▸ **COLLECTED DATA**
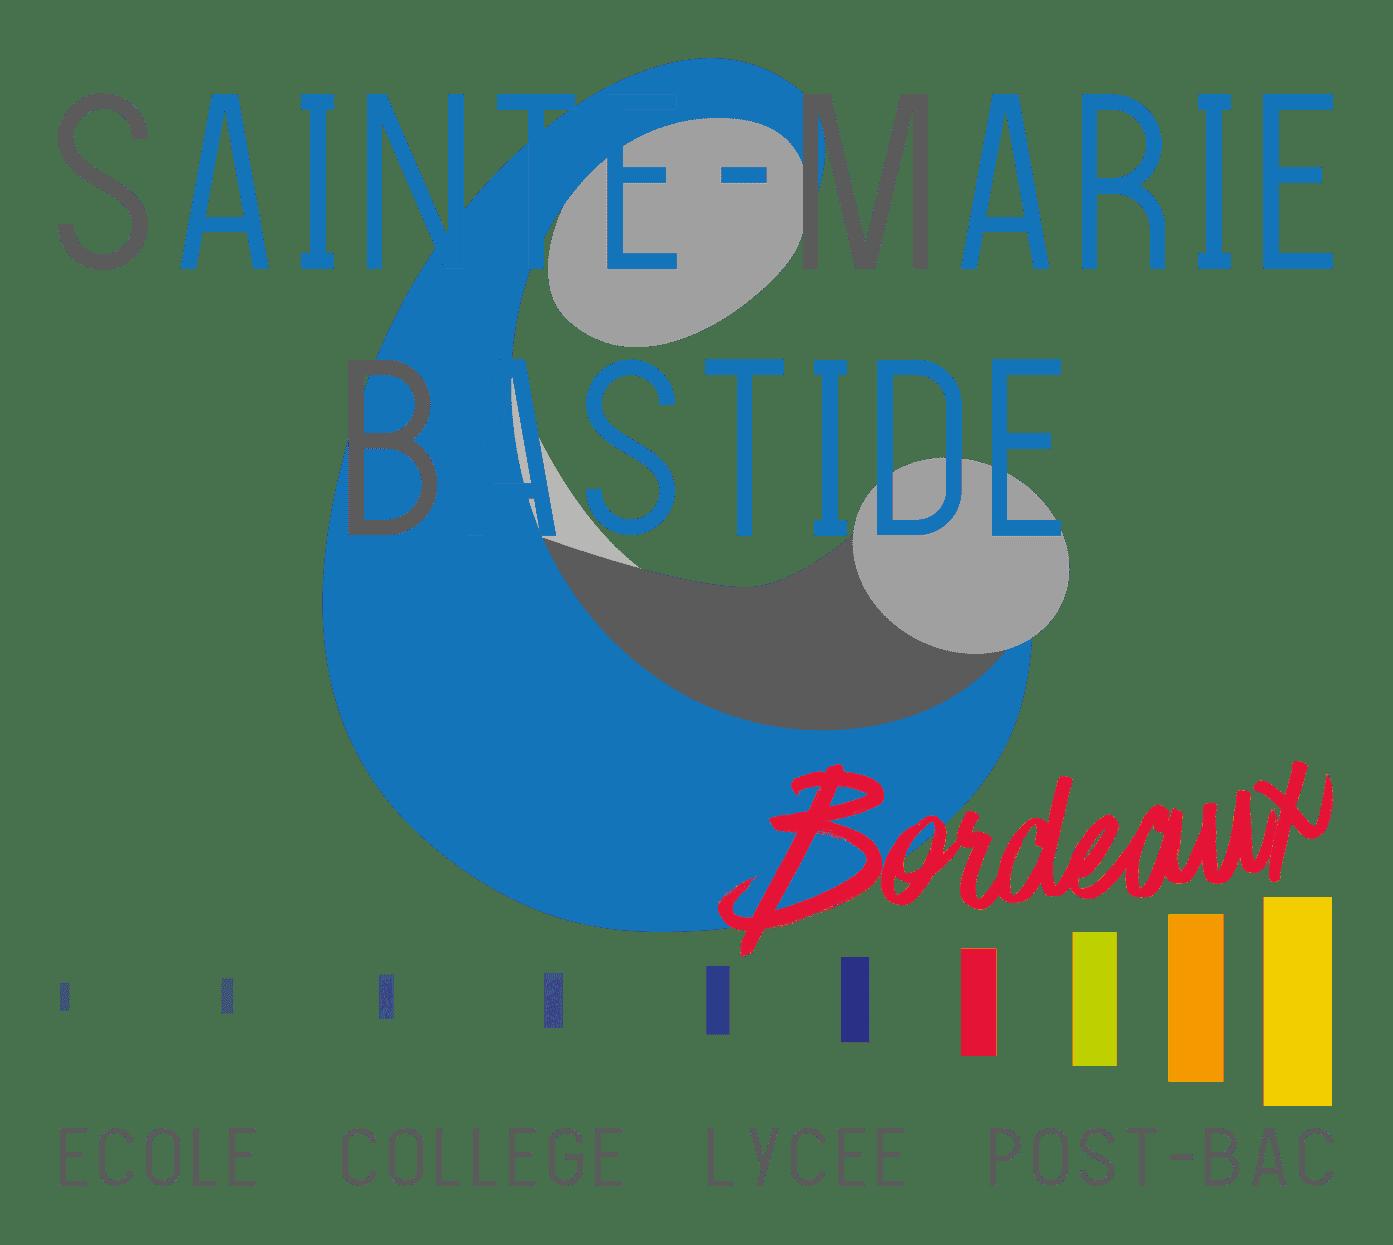 Sainte-Marie-Bastide-Bordeaux
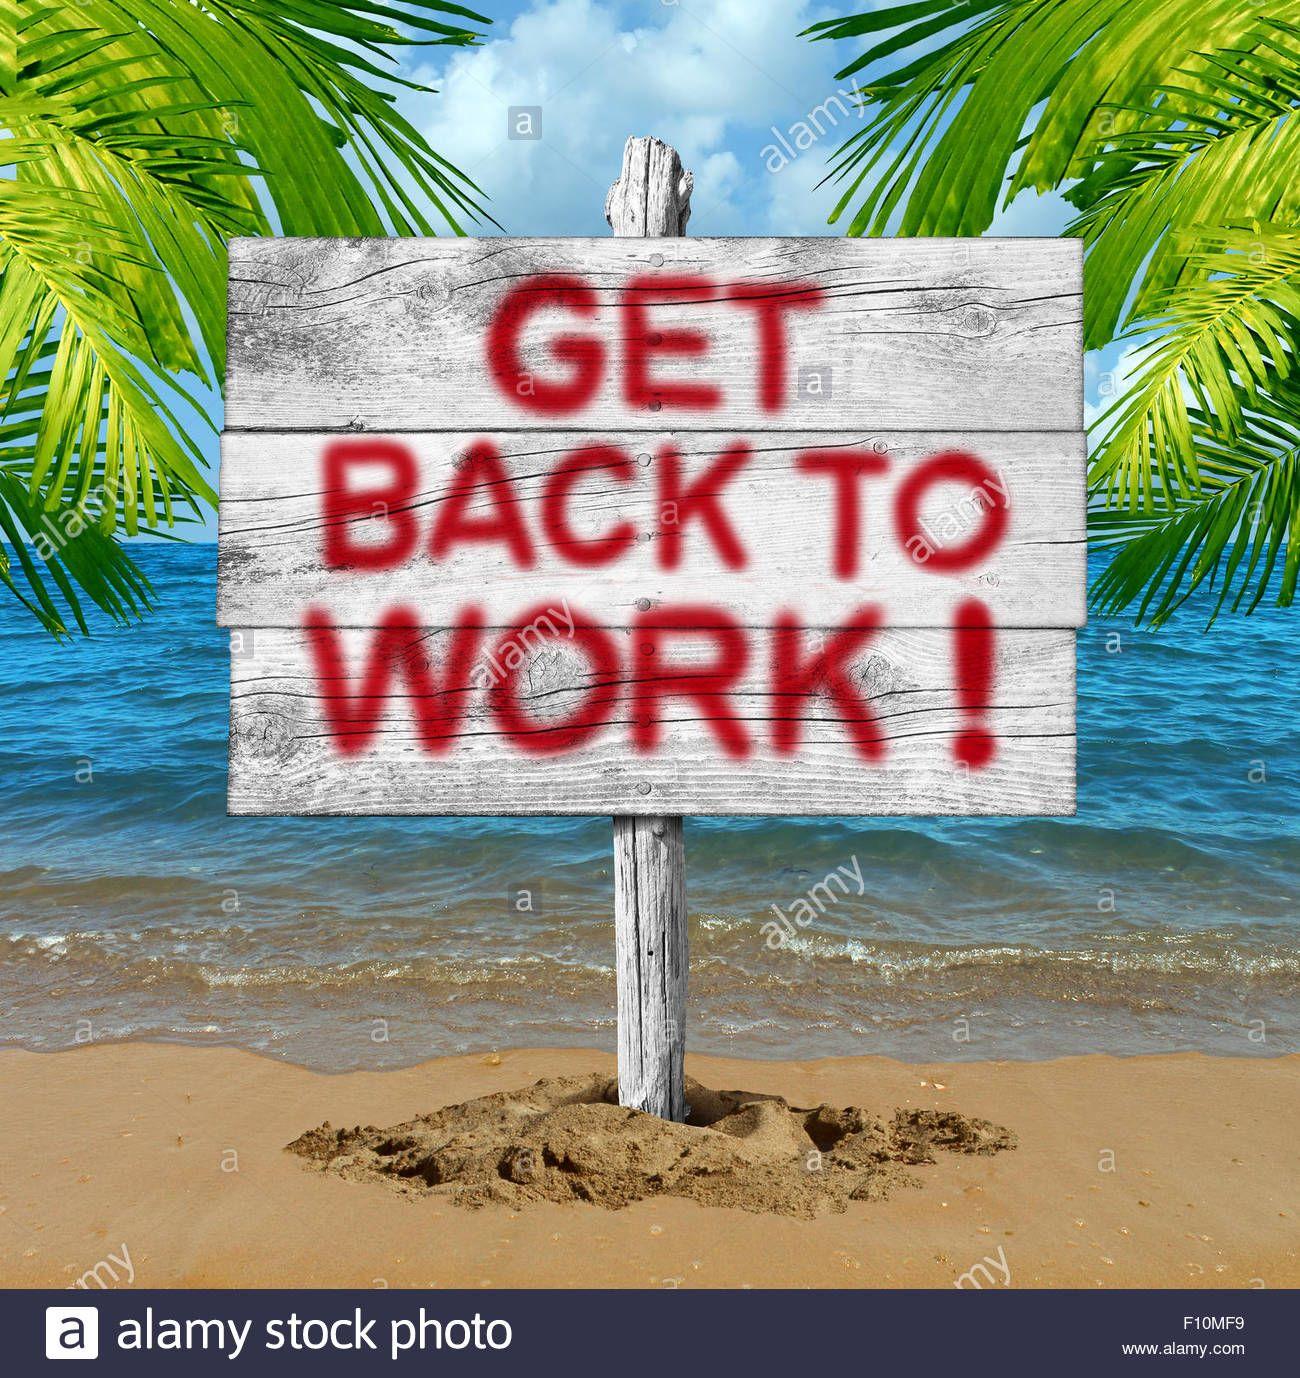 Urlaub Zu Ende Wieder Arbeiten
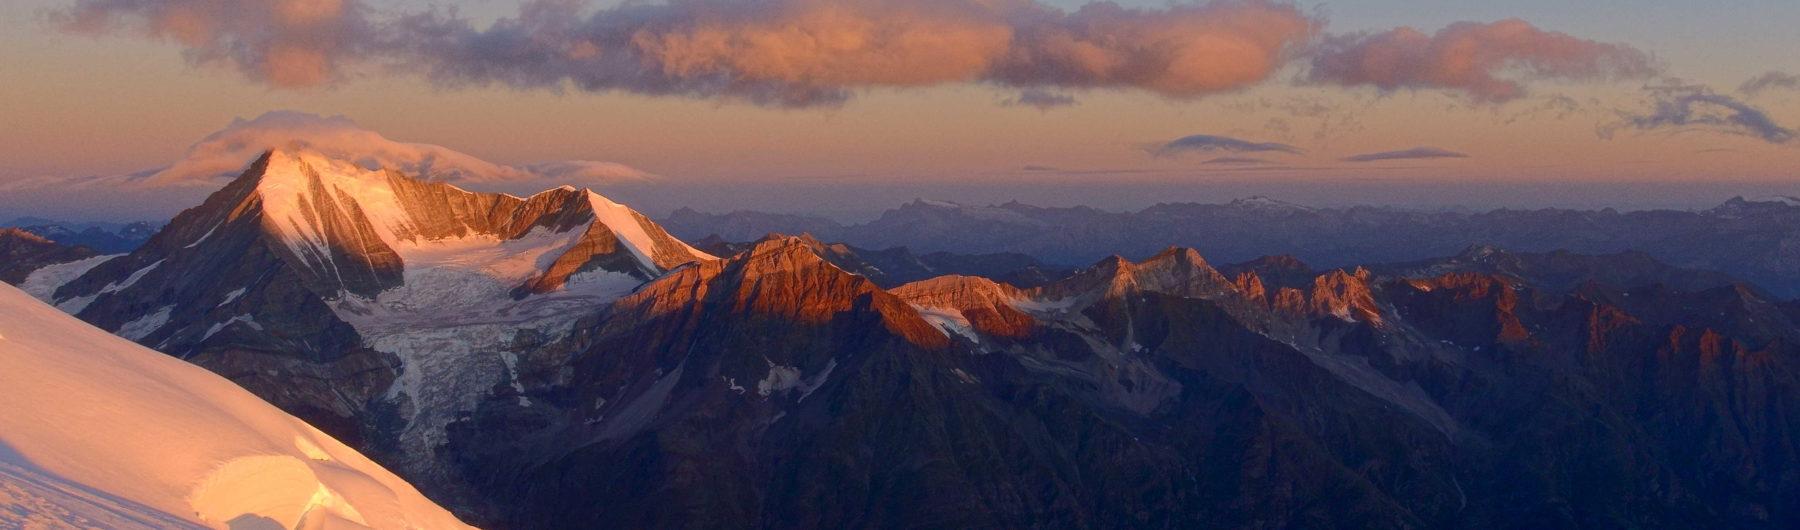 Sonnenaufgang am Dom. Im Hintergrund das imposante Weißhorn
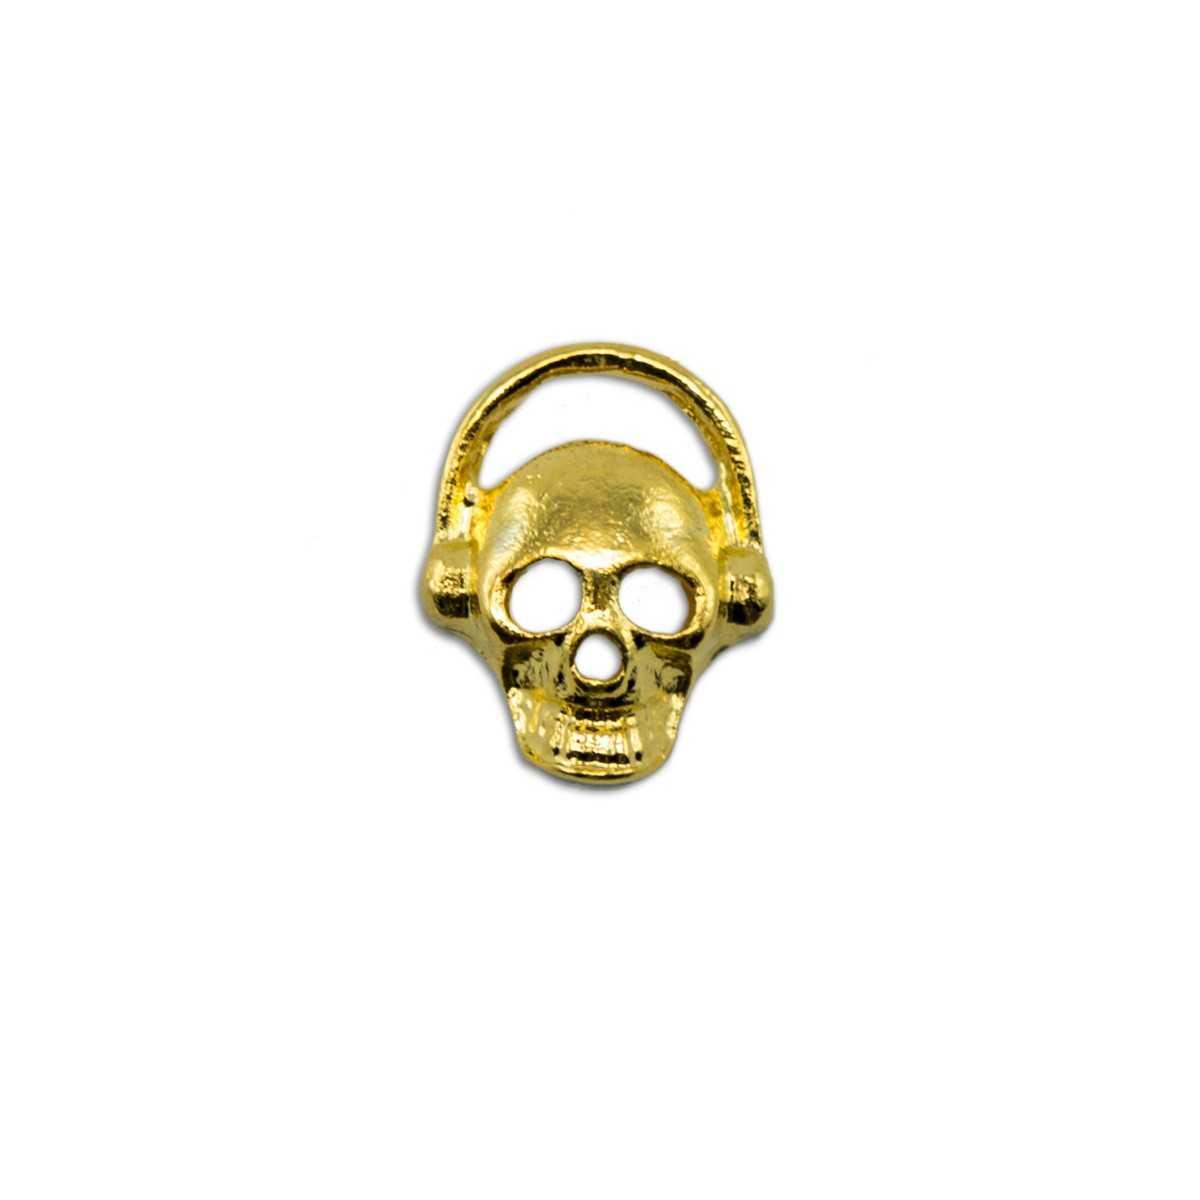 https://www.kit-manucure.com/1503-thickbox_default/bijoux-pour-ongles-tête-de-mort-avec-casque-doré.jpg

▸ **TASK BRIEF**
Go through the listing above and write it out again exactly, dropping the pictures.

▸ **REPLY TO THE EXERCISE**
 Sainte-Marie-Bastide-Bordeaux
 Urlaub Zu Ende Wieder Arbeiten
 Sonnenaufgang am Dom. Im Hintergrund das imposante Weißhorn
 https://www.kit-manucure.com/1503-thickbox_default/bijoux-pour-ongles-tête-de-mort-avec-casque-doré.jpg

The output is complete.